Hi @praveenkumar-ravising, forgot to ask, can you also share the pdf?
hi @pietermarsman,
I am attaching one sample single page PDF which I created for showcasing my example and below is the extracted layout LTObject which has scrambled text and image order,
<LTTextBoxHorizontal(0) 306.050,679.780,308.545,690.820 ' \n'>
<LTTextBoxHorizontal(1) 540.100,679.780,542.595,690.820 ' \n'>
<LTTextBoxHorizontal(2) 77.400,646.900,229.705,657.940 'est the Image and Text Extraction \n'>
<LTTextBoxHorizontal(3) 72.024,622.900,259.340,633.940 'Placing the text here along with an image \n'>
<LTTextBoxHorizontal(4) 274.370,622.900,276.865,633.940 ' \n'>
<LTTextBoxHorizontal(5) 72.024,600.340,199.945,611.380 'Also wanted some text here \n'>
<LTTextBoxHorizontal(6) 72.024,576.220,316.116,587.260 'And also wanted to repeat the text and an image here \n'>
<LTTextBoxHorizontal(7) 331.270,576.220,333.765,587.260 ' \n'>
<LTTextBoxHorizontal(8) 72.024,679.780,74.519,690.820 ' \n'>
<LTTextBoxVertical(9) 72.024,646.900,77.400,680.380 ' T\n'>
<LTTextBoxVertical(10) 72.024,531.190,74.519,564.700 ' \n'>
<LTTextBoxHorizontal(11) 150.020,445.510,152.515,456.550 ' \n'>
<LTTextBoxHorizontal(12) 72.024,426.070,104.275,437.110 'Footer \n'>
<LTFigure(Image9) 462.000,683.000,539.500,756.000 matrix=[77.50,0.00,0.00,73.00, (462.00,683.00)]>
<LTFigure(Image10) 259.290,625.420,274.232,637.520 matrix=[14.94,0.00,0.00,12.10, (259.29,625.42)]>
<LTFigure(Image11) 316.230,578.810,331.172,590.910 matrix=[14.94,0.00,0.00,12.10, (316.23,578.81)]>
<LTFigure(Image12) 72.000,448.810,149.500,521.810 matrix=[77.50,0.00,0.00,73.00, (72.00,448.81)]>
Same code from the previous comment has been used to extract this document as well. Let me know if any more information required.

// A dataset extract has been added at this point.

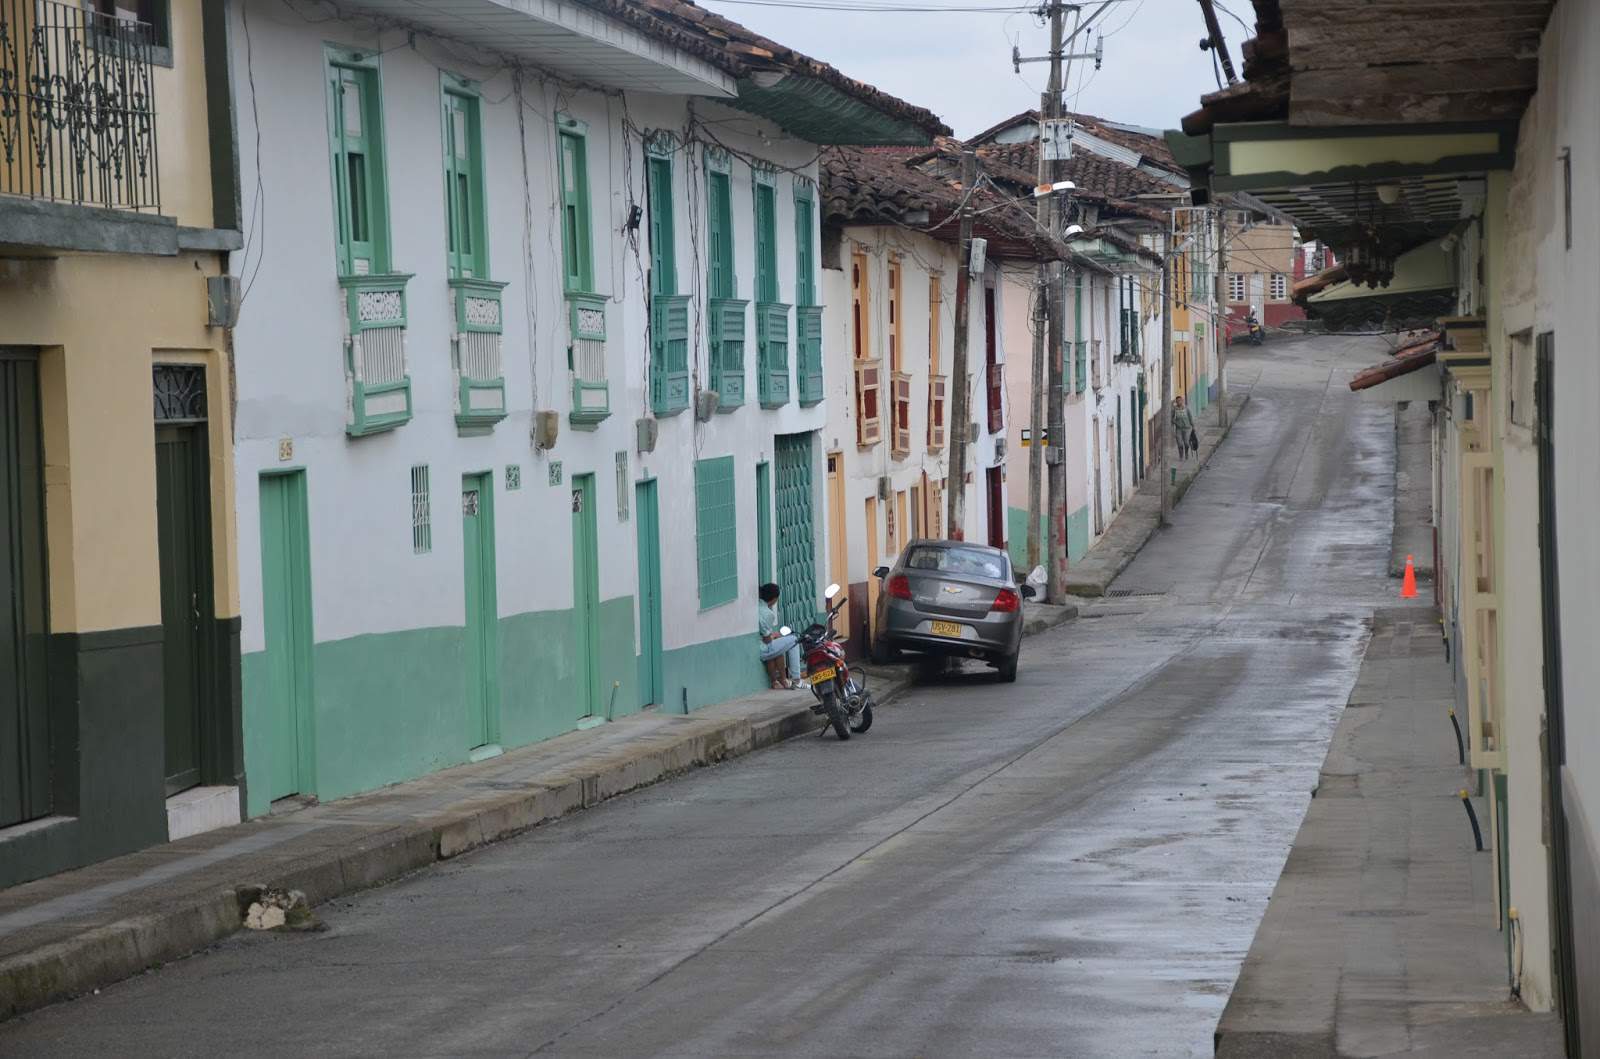 A street in Aguadas, Caldas, Colombia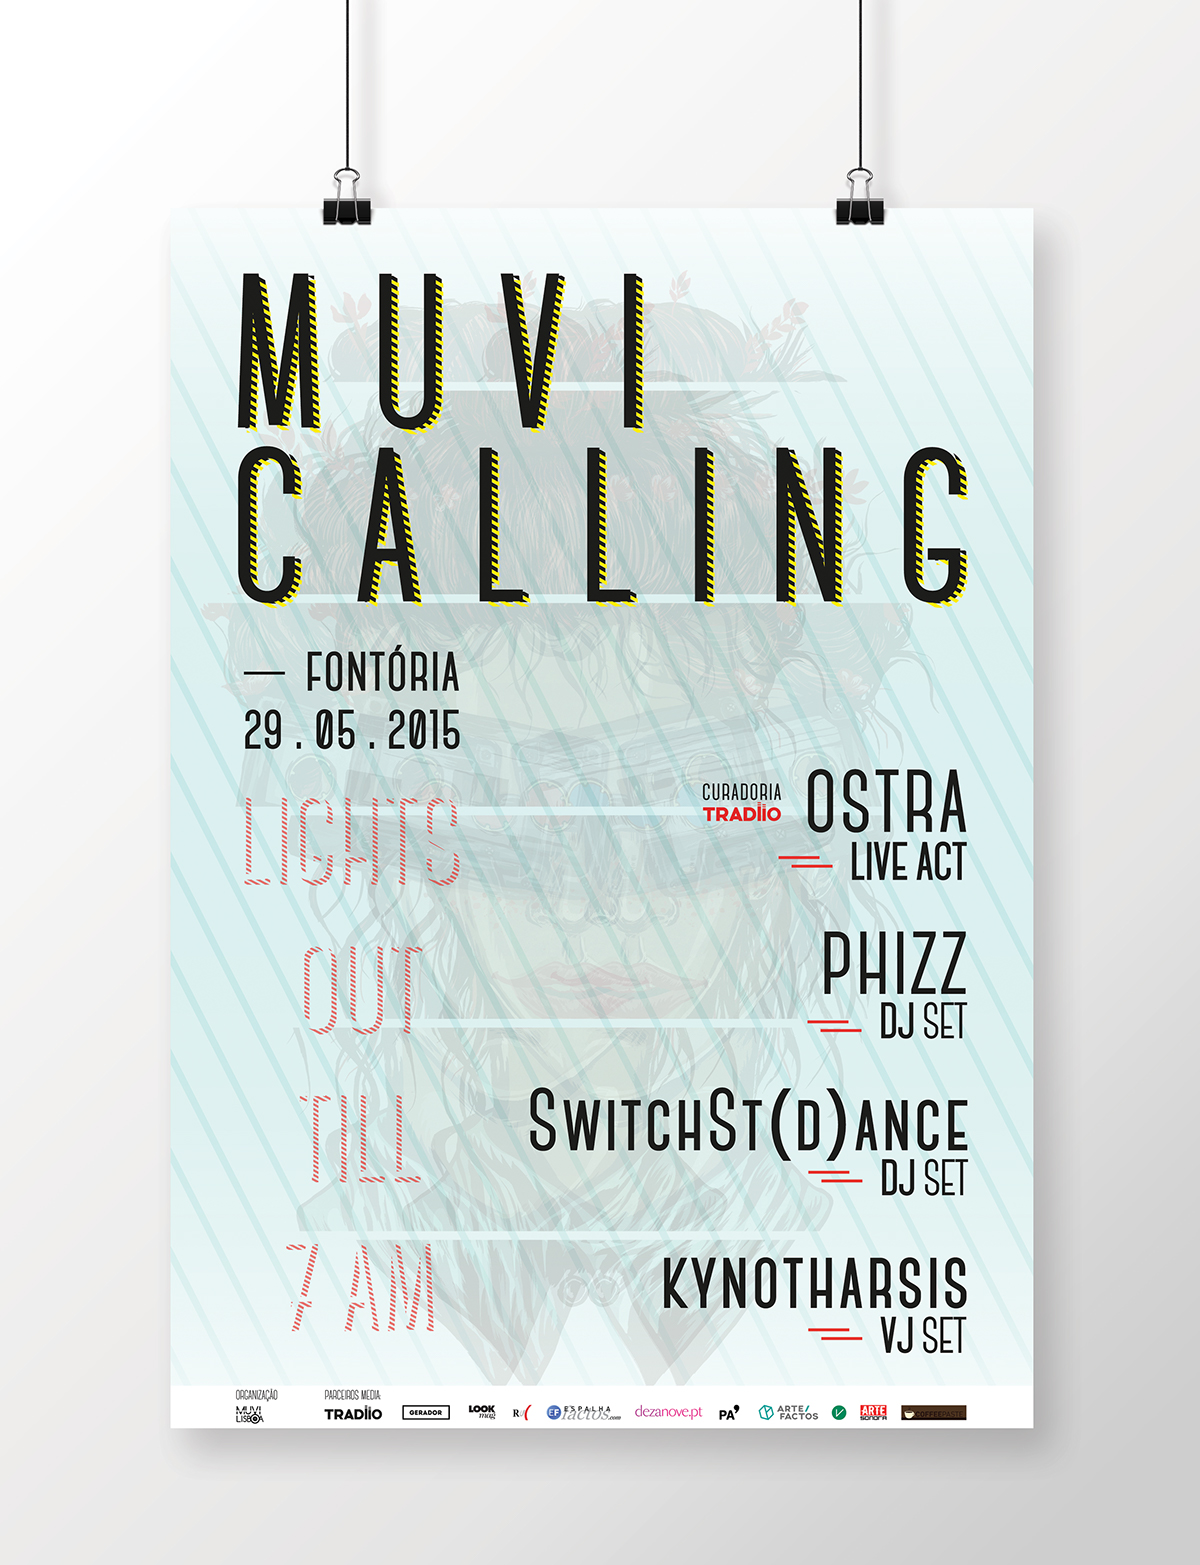 MUVI Lisboa Muvi Calling phizz Phizz dj phizzdjset ostra switchstdance kynotharsis

hi @pietermarsman , is there any direction for the posted concern!
Thanks in advance.
i'm facing same issue here, though in my pdf there is no Image . i'm getting disordered LTTextBox .
I'm not sure what's going on. I'm also not sure if this is a bug or if the order of objects is an implementation detail that is not guaranteed. I need to look into this, but that can take a while. Feel free to propose a solution if you have one.
hello everyone, I am facing a similar issue where the LTTextBoxHorizontal's are in the wrong order. anyone have any solutions? thanks!